Ideally this would include "real-time" instruction and mentoring, and I am hopeful I will be able to find the time and resources to pursue that. But after all, I have a ton of art books to keep me busy and they will help me to commit myself to a regular staple of study through experimentation, self-guided lessons, etc. *Note: For a fascinating and inspiring look at one artist's documented learning processes, check out Paul Foxton's wonderful info-packed site Learning to See.

Also, I love landscape painting and I will continue with this tract, but I'm feeling a great desire to become reacquainted with and develop a greater understanding of the human form. Along those lines, I will make a greater commitment to paint much more often from life--if not daily, nearly so.  Whether this means painting en plein air or still life or portraiture, (or even if it is a 5 minute sketch waiting for my haircut) I continue to see so much benefit to this practice and its time to commit to working from life as a regular discipline.

Obviously all of this will need to be worked out in greater detail into more specific goals and a measurable plan, but this is where I'm heading as for the year ahead. I guess if I had to boil everything down to one word I'd say that what it is I'm after is to achieve a greater level of mastery with my work.


Now that's a big, expansive scary word if I ever saw one! And  while it's really too broad to write down as a year long goal,  it can be a guidepost by which my artistic goals can be set. It is said that it takes 10,000 hours to achieve mastery at something. Whether or not this is exact, what it tells me is that it's not something that's likely to be attained in a year!  It's not as if I'm starting from zero, but even so, in truth it may not even be attained in a lifetime, for that matter, even with a disciplined plan.

I do wonder though, as an artist, how do you really know you've arrived? Do you suddenly wake up one day and say, "I'm a master!" It seems a bit of a moving target. Each new level of understanding inevitably leads to new questions, new challenges, and raising the bar ever higher. To quote Gertrude Stein, "There is no there there."

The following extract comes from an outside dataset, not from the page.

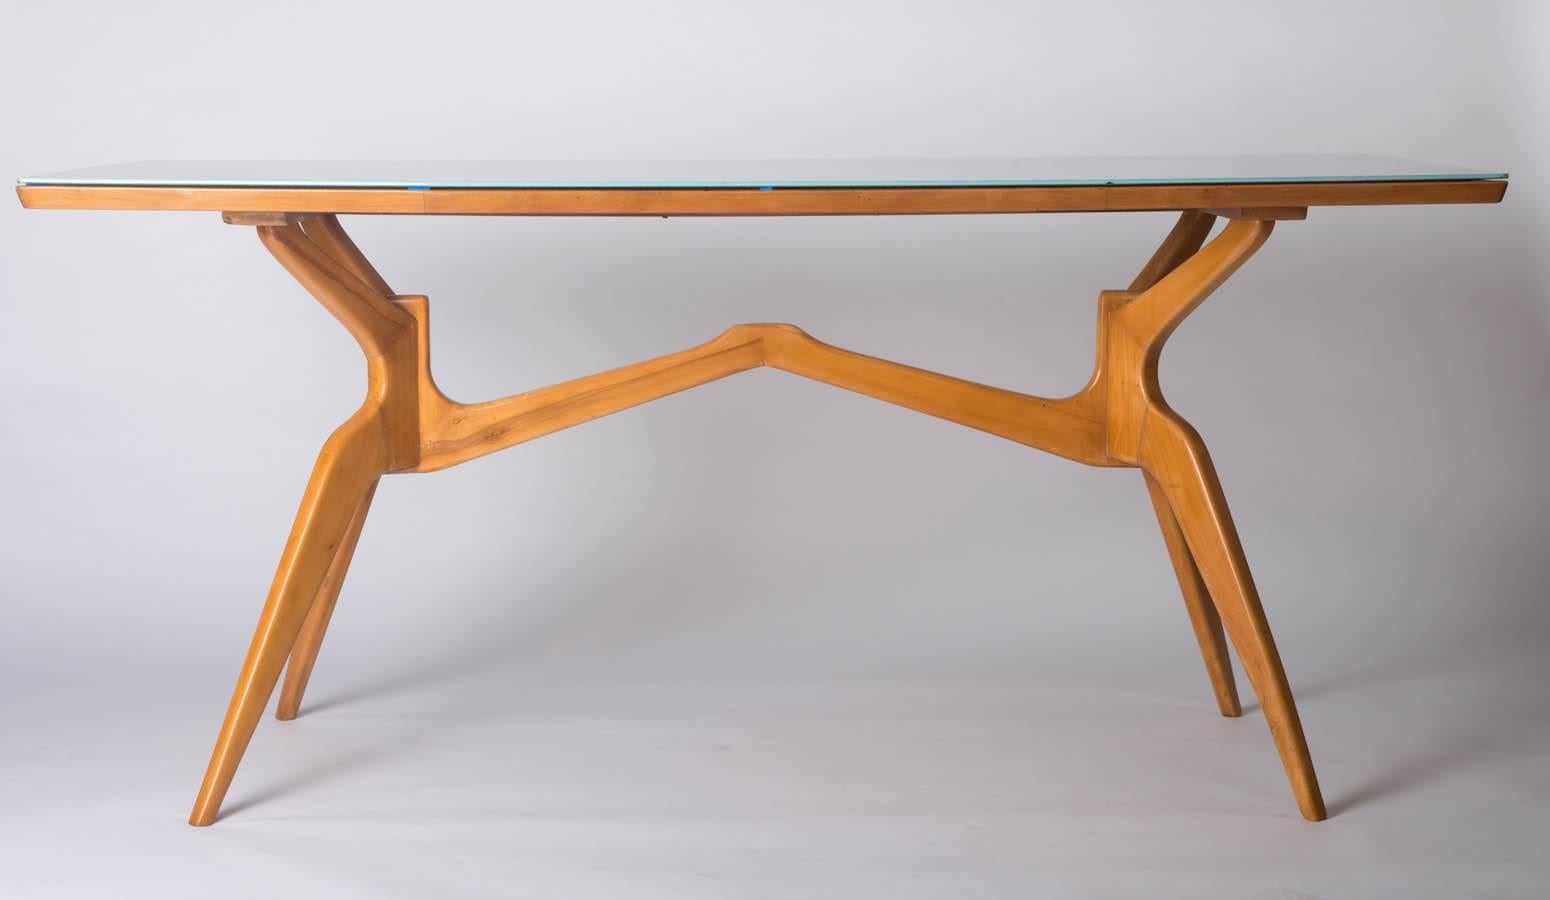 An Italian beech centre table in the style of Franco Campo & Carlo Graffi. The splayed spider legs supporting a rectangular shaped top with modern colored glass, Italy, circa 1950. Measures: 78 H x 170 W x 81 cm D.

To my mind, arriving really isn't the point. The way I see it, mastery has more to do with a state of being than a state of arriving. It's more about process than it is about product. It's a state of flow. Certainly there is tangible accomplishment produced as well, and I guess the accomplishment part is what we tend to focus on when we think of someone mastering something. But I really see those kinds of results as more of a by-product of something much greater. And yet, it is the by-products that are the most measurable so that's the starting point I'll use to make my plan.  Better get to it. 10000 hours is a long way off.